'The Hare' Leads A Merry Chase

'The Hare' by Cesar Aira Reviewed by Marcela Valdes NPR.org. June 26, 2013.

To love the novels of Cesar Aira you must have a taste for the absurd, a tolerance for the obscurely philosophical and a willingness to laugh out loud against your better judgment. His latest novel to be translated into English, The Hare, is set in the Argentine pampas at the end of the 19th century. But don't let any veneer of realism fool you. Despite its gauchos, Indians and lyrical descriptions of Argentina's sprawling plains, The Hare doesn't approach the accuracy of An Episode in the Life of a Landscape Painter, Aira's last pampas novel to be published here. It's more like an episode of Star Trek, crossed with Lawrence of Arabia.

As in so many of Aira's novels, the hero is an earnest man with a faintly ridiculous mission. Tom Clarke, a British geographer and naturalist, roams the pampas in search of a mythical rabbit that not only jumps but flies. With him ride two Argentine sidekicks: a chatty 15-year-old boy and a taciturn gaucho with his own secret mission. Together the three horsemen visit a series of Indian tribes, becoming more and more entangled in local politics until Clarke is declared commander-in-chief of an Indian confederation and the region erupts in war. Near the book's climax, the Englishman strips off his clothes, dons Indian greasepaint, and watches a flock of giant ducks usher an enormous egg into the ocean.

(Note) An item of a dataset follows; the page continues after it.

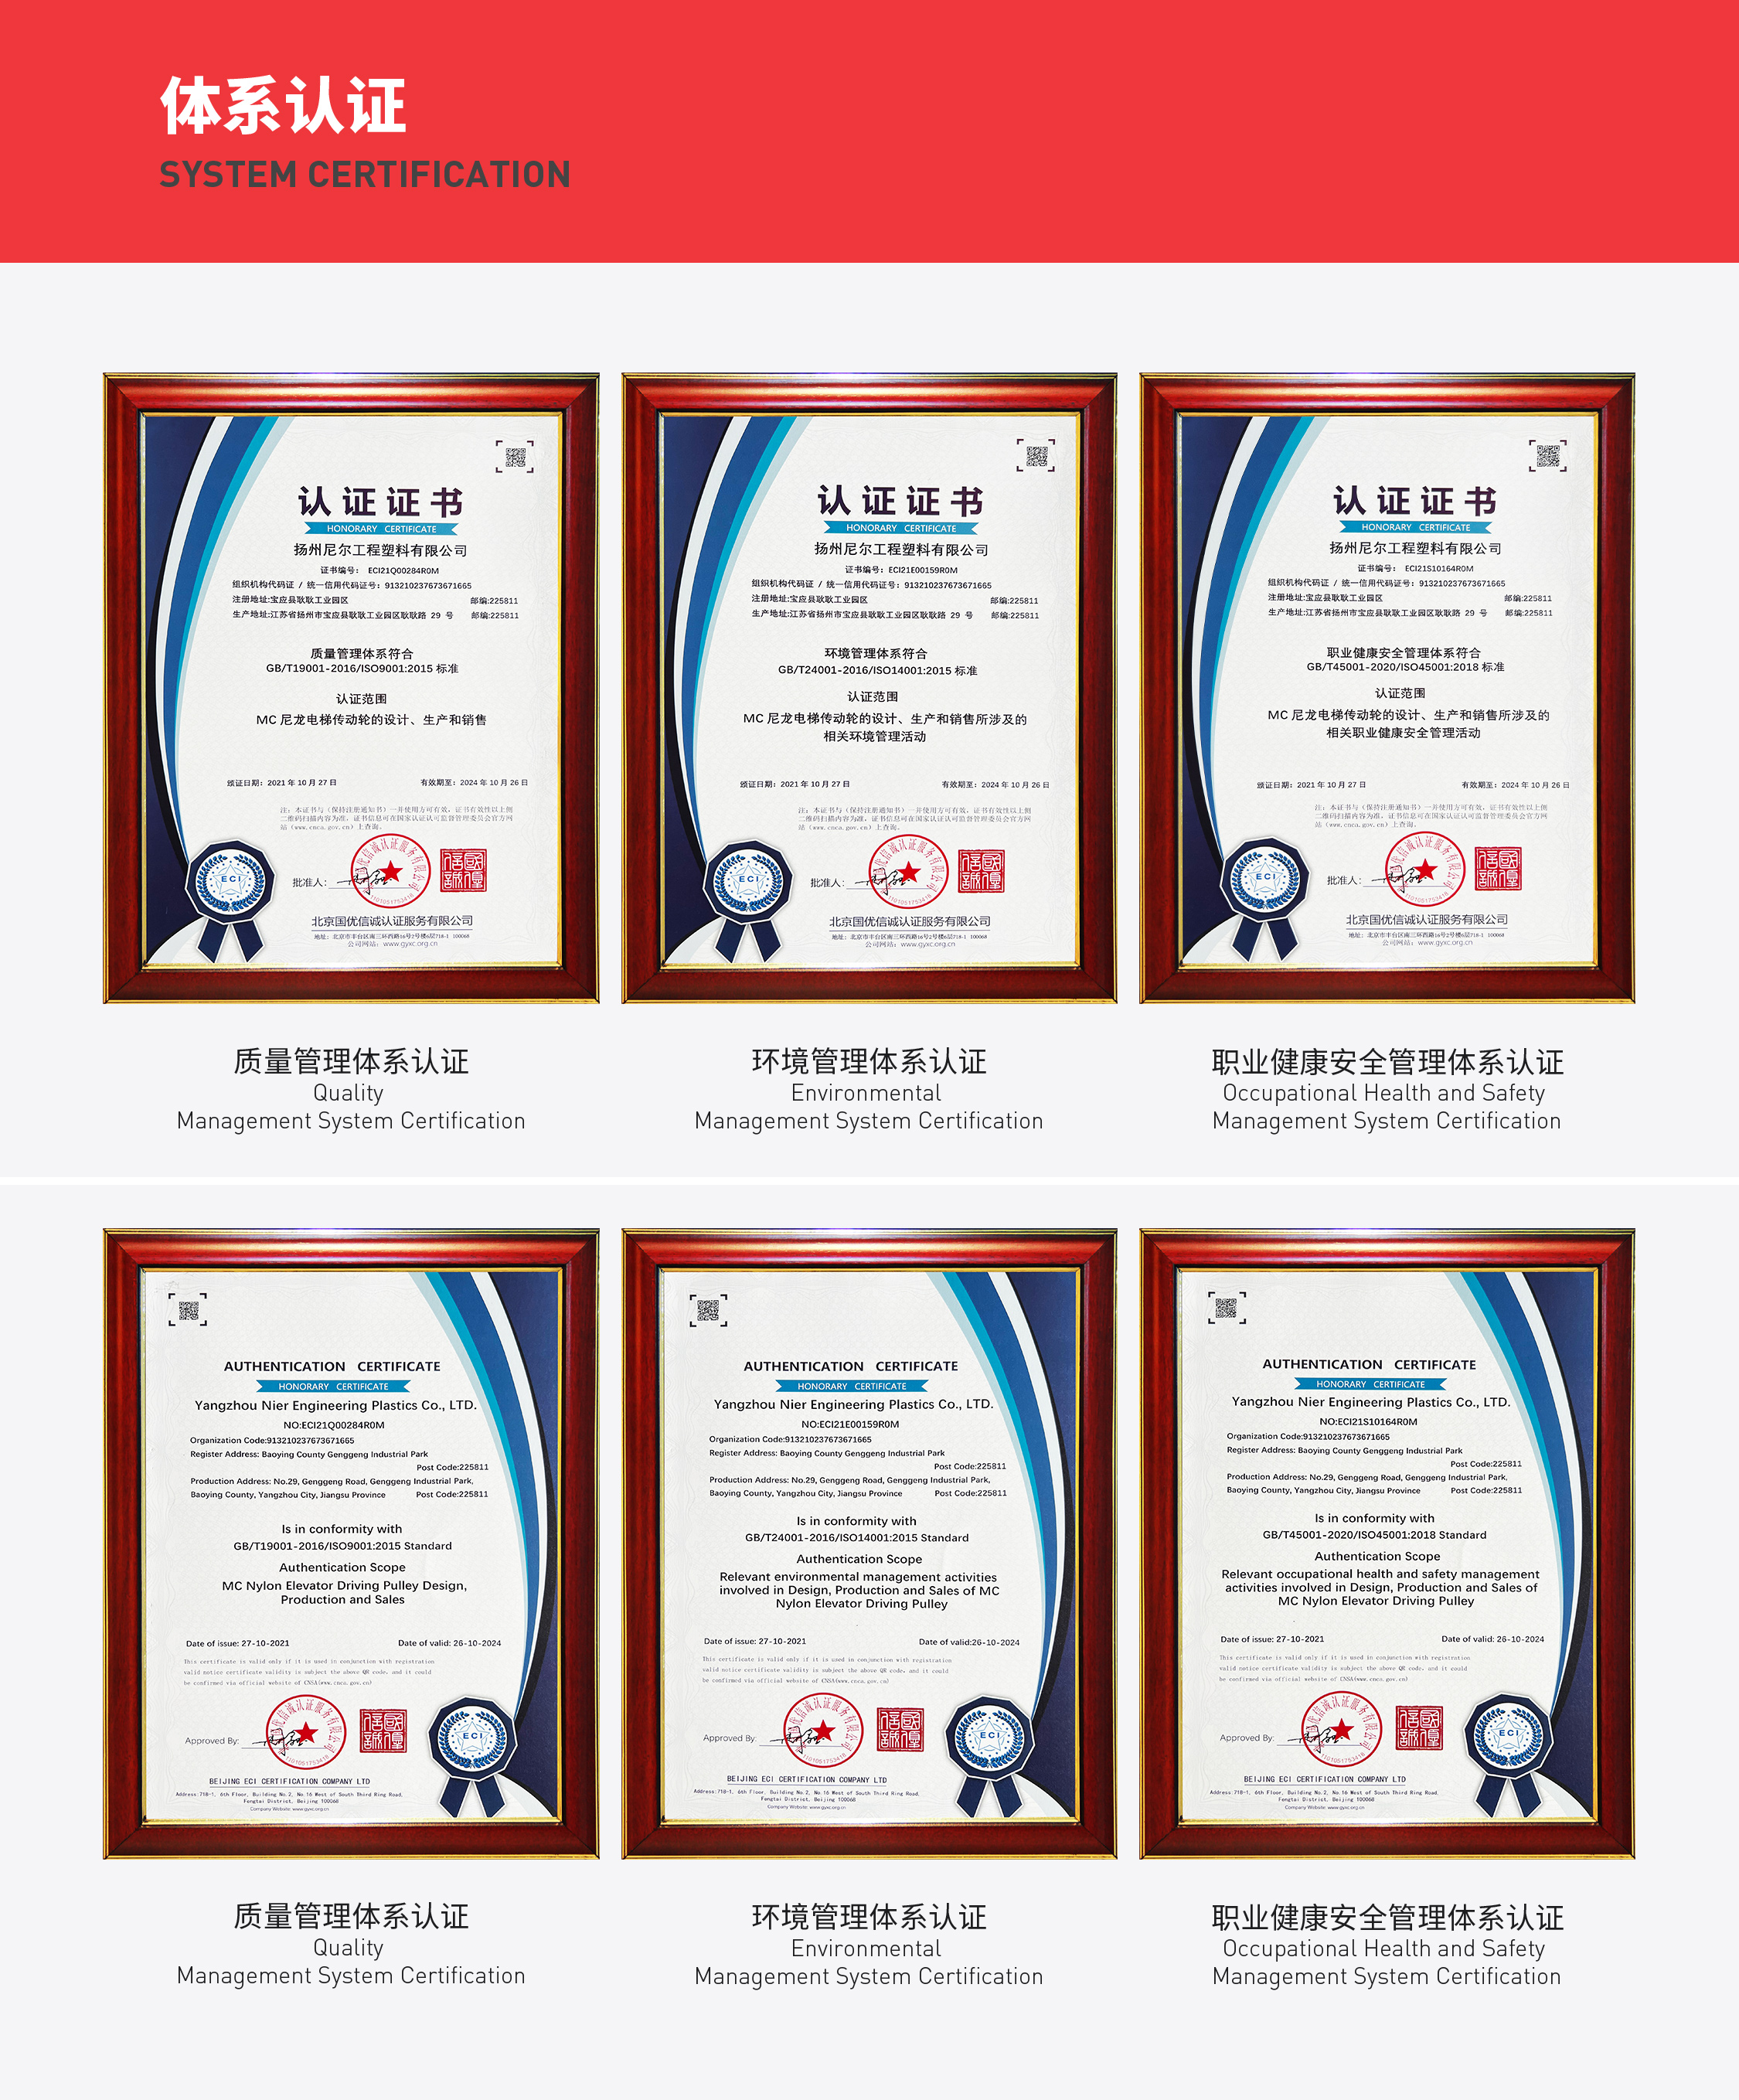 Three System Certification

Even that bizarre synopsis is too solemn for Aira's novel. From The Hare's first chapter, when a drunken dictator pirouettes on the back of a galloping horse, the plot is only loosely attached to logic. Clarke's journey through the pampas resembles a vast space voyage: long rides through desolate landscape punctuated by conversations with extraordinary grotesques. One of the tribes he meets lives underground, indulging in promiscuous sex and bartering coal for liquor. Another speaks in "monstrous sentences" designed to be incomprehensible. For better or worse, such tribes are more ontological experiments than historical re-creations. And Clarke himself is hardly more rational. His war-winning battle strategy? It's "the Great Sine Curve of the Mapuche armies, a line that would have exploded the maps if anyone had tried to trace it."